# P0160 code



## blitZ (Oct 7, 2004)

Wow, 6 years and no problems, now it's like one check engine light after another. 

Anyway, anyone know where to find the O2 sensor which triggers teh P0160 code?

Bank 2 Sensor 2


----------



## smj999smj (Jan 1, 2006)

There was a TSB #NTB02-006 that addressed this issue. In addition to replacing the sensor, you may also need to have an updated ECM program flashed. You would need a Nissan Consult scan tool to check your current ECM program number...or take it to a Nissan or Infiniti Dealer. You will most likely have to go to a dealer to reflash the ECM anyway, if needed.

Your code is for the rear oxygen sensor on the left hand side, which will be found under the vehicle, in the front pipe (left side). The electrical connector is at the top, front, left side of the engine.

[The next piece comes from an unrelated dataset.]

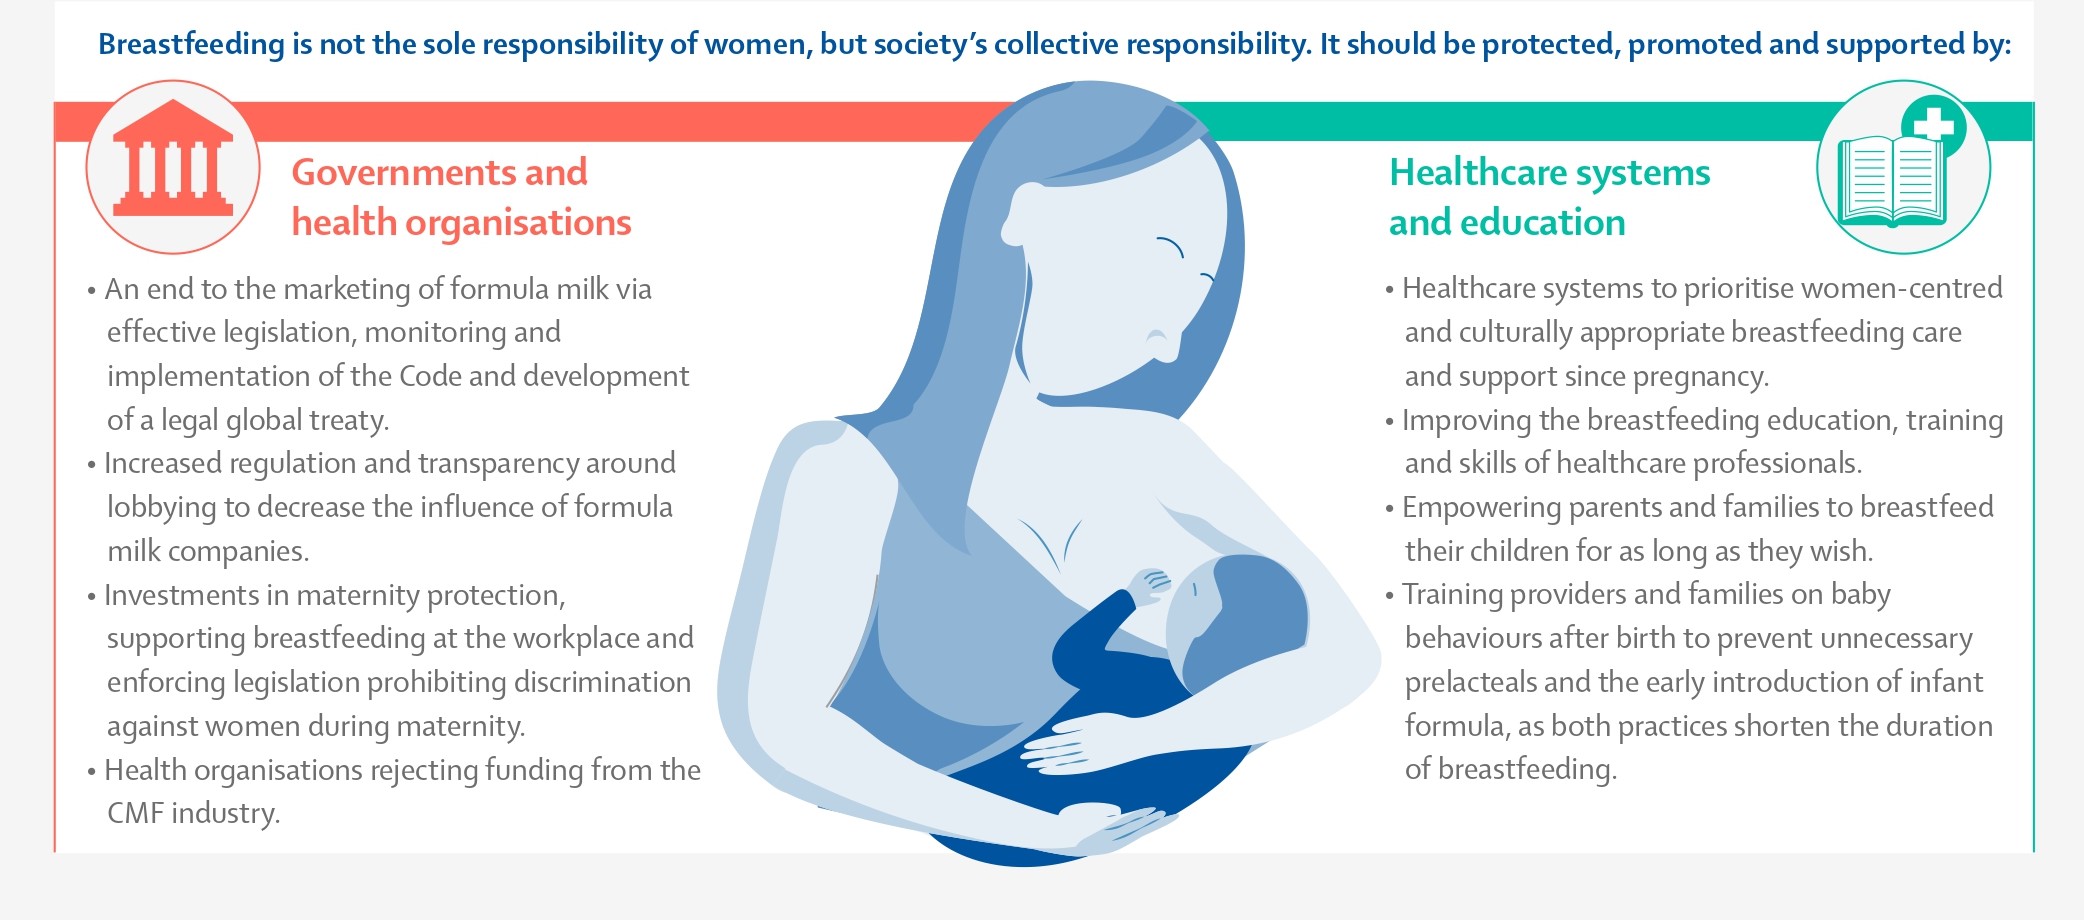 Alt text: link to The 2023 Lancet Series on Breastfeeding: infographics -&nbsp;https://www.thelancet.com/infographics-do/2023-lancet-series-breastfeeding

For models built up to 8/1/00, you will need sensor part# 226A1-4W001.
For models built 8/2/00 or later, you will need sensor part# 226A1-4W010.

As your ECM is covered under your long term emissions warranty (which is usually 7yrs./70000 miles), you may want to check and see if it's still covered if you are in that time period.


----------



## mtnspokes (Feb 9, 2007)

Wow! Thanks smj999smj. I'm having the same problem on my '01. The dealer cleared the light once but it came back on a few weeks later. I'll start shopping around for a sensor. I read another post that said you could try and clean a sensor with a torch. Really? Anyone have any luck trying to clean one?


----------



## smj999smj (Jan 1, 2006)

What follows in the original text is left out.